Available data
────────────────
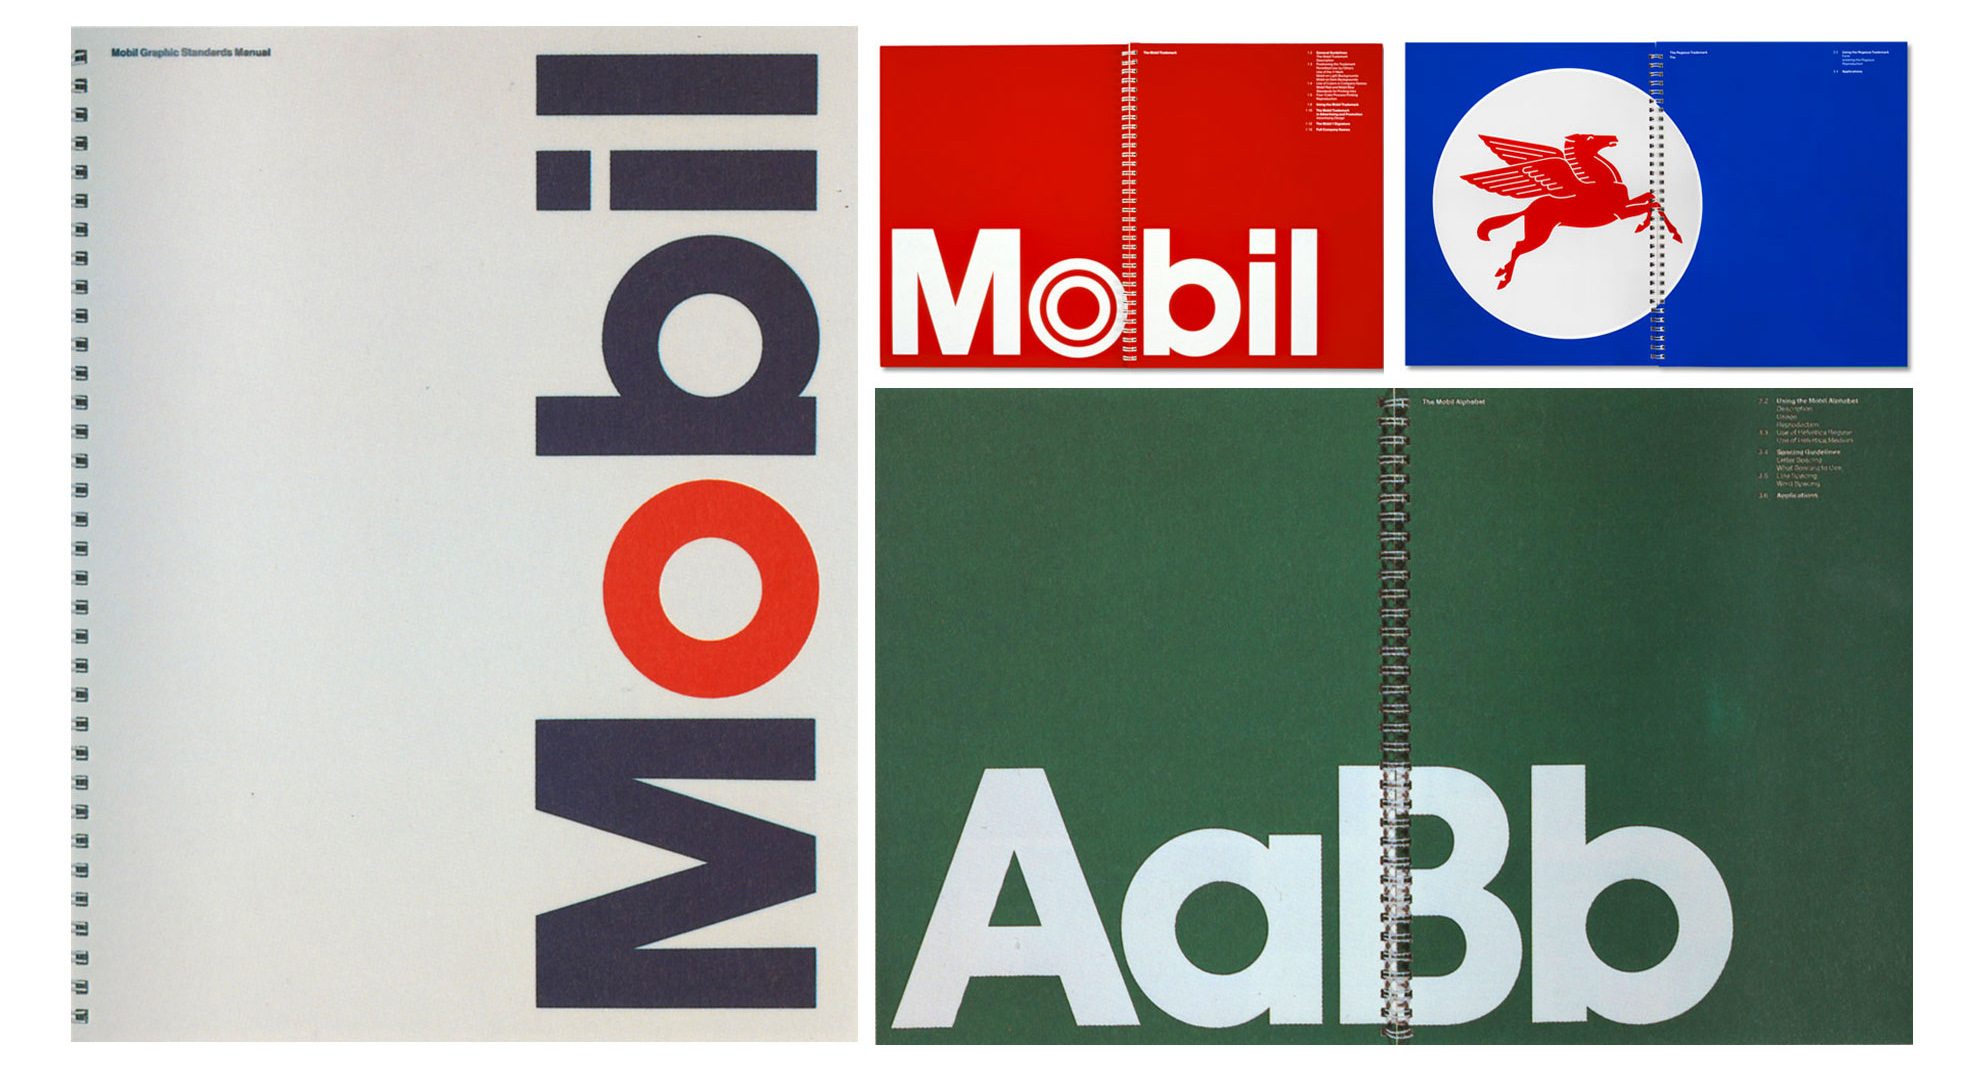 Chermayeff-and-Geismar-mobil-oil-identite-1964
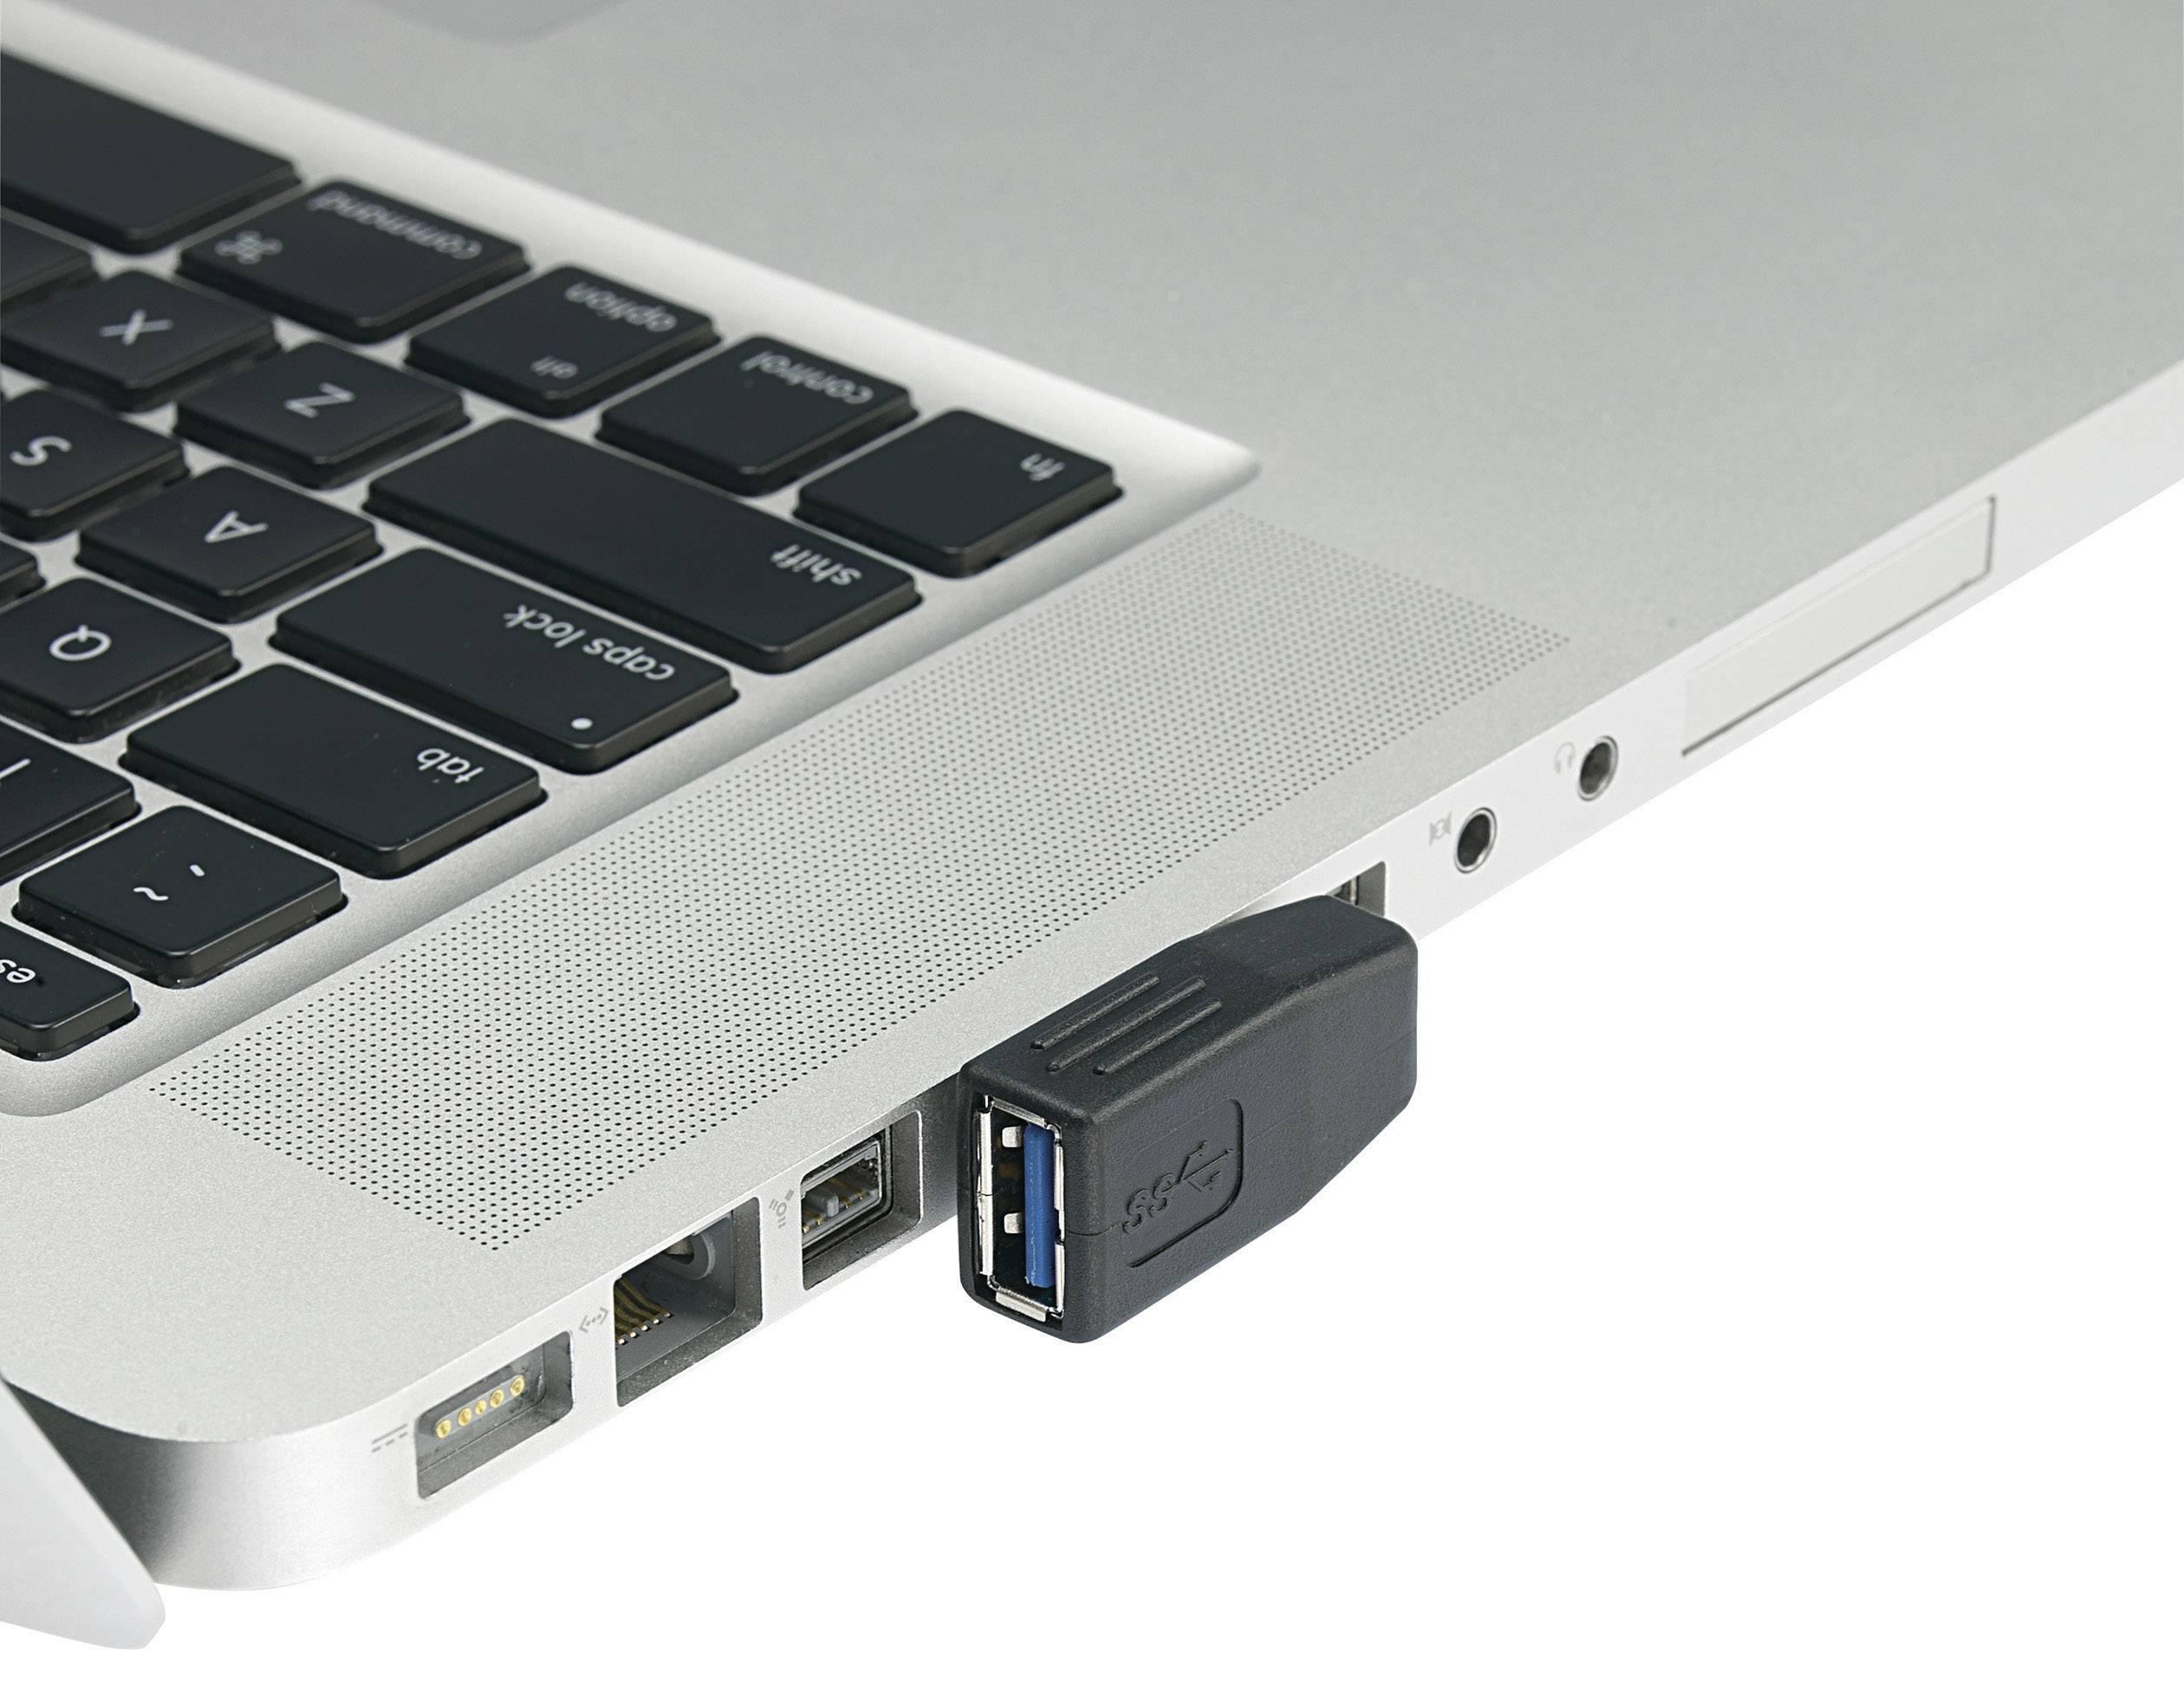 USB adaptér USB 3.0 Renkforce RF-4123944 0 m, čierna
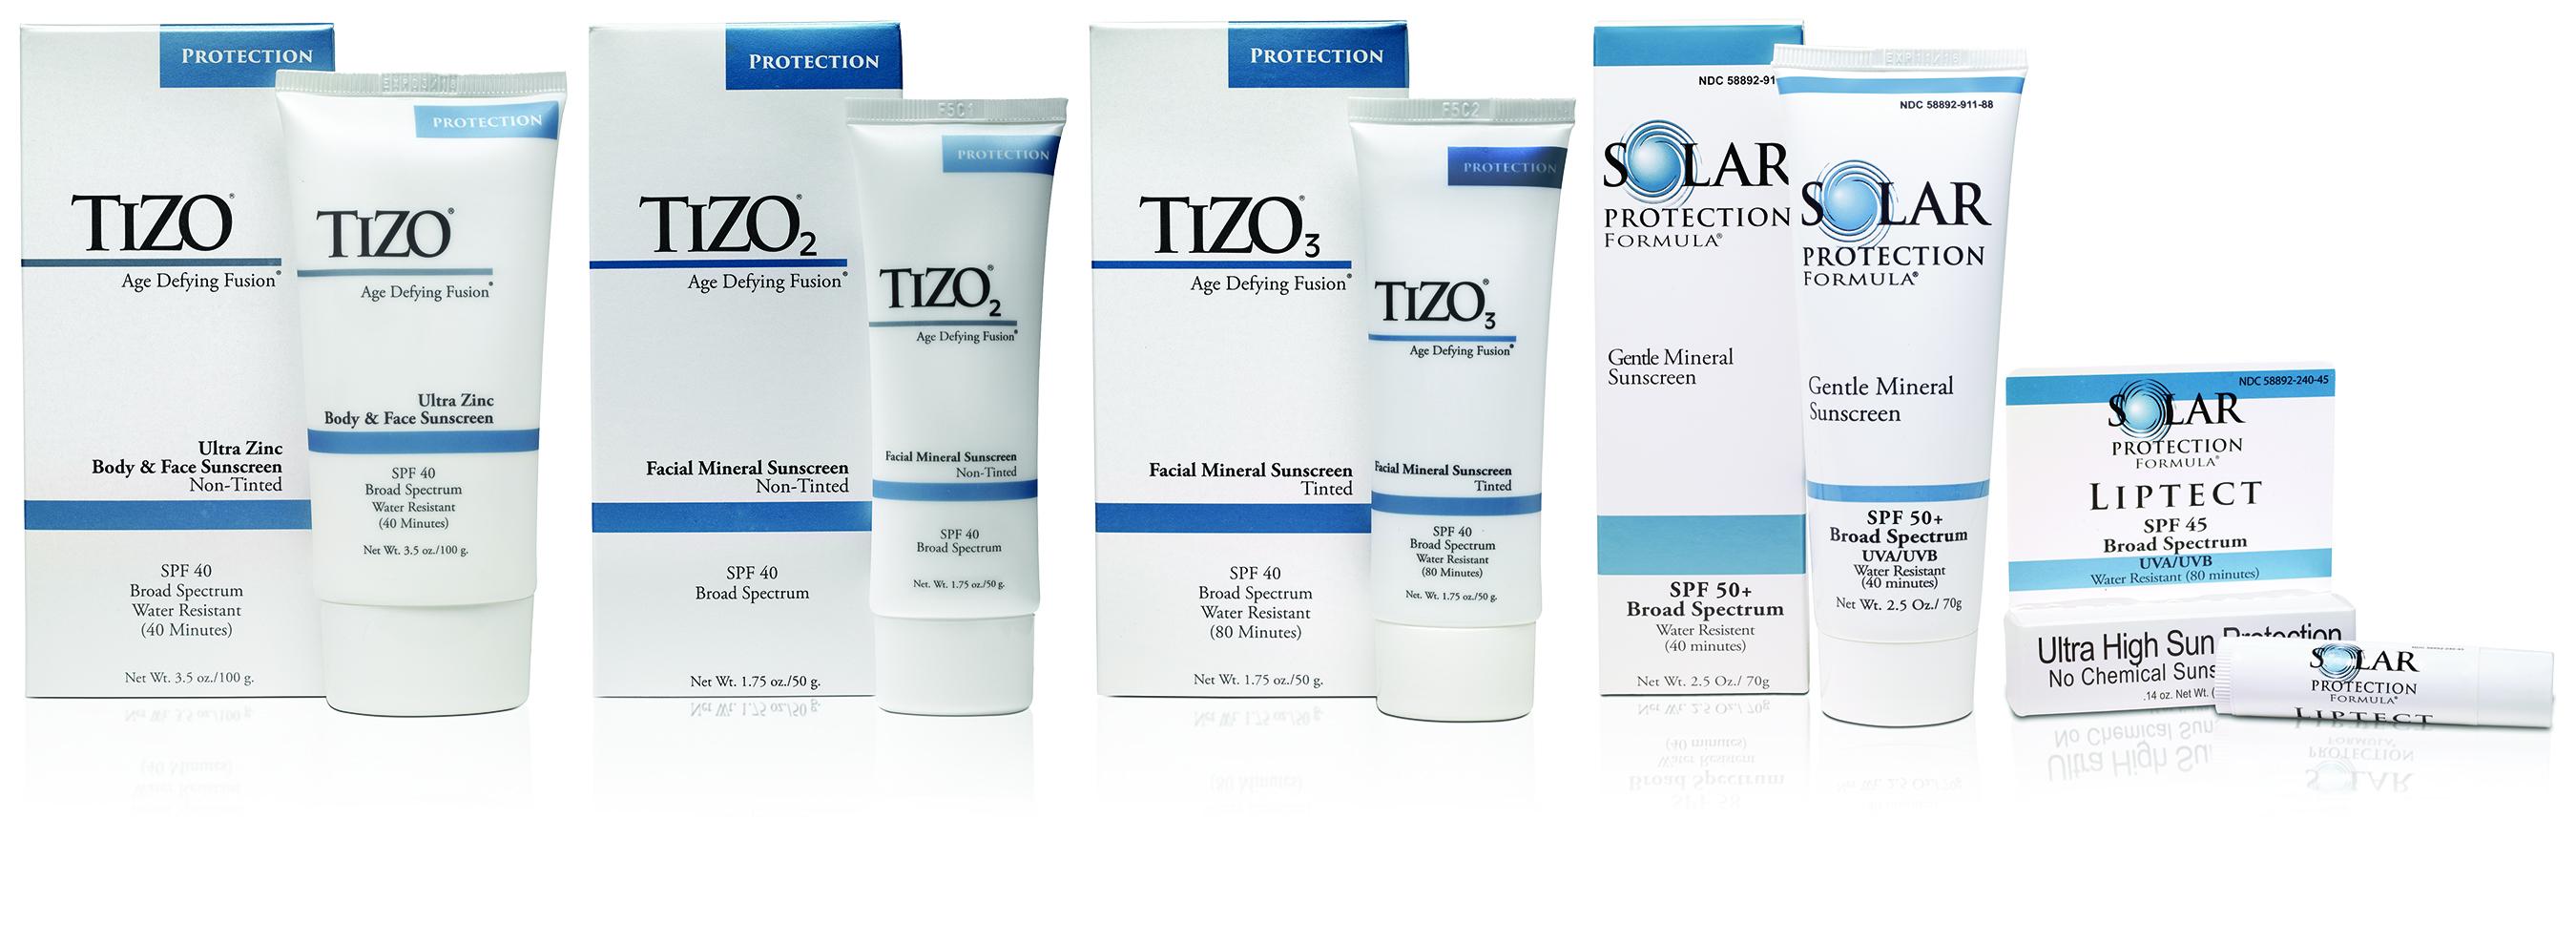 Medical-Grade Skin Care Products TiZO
────────────────
What to work on
Reproduce the material word for word, but without its images.

Your solution
 Chermayeff-and-Geismar-mobil-oil-identite-1964
 USB adaptér USB 3.0 Renkforce RF-4123944 0 m, čierna
 Medical-Grade Skin Care Products TiZO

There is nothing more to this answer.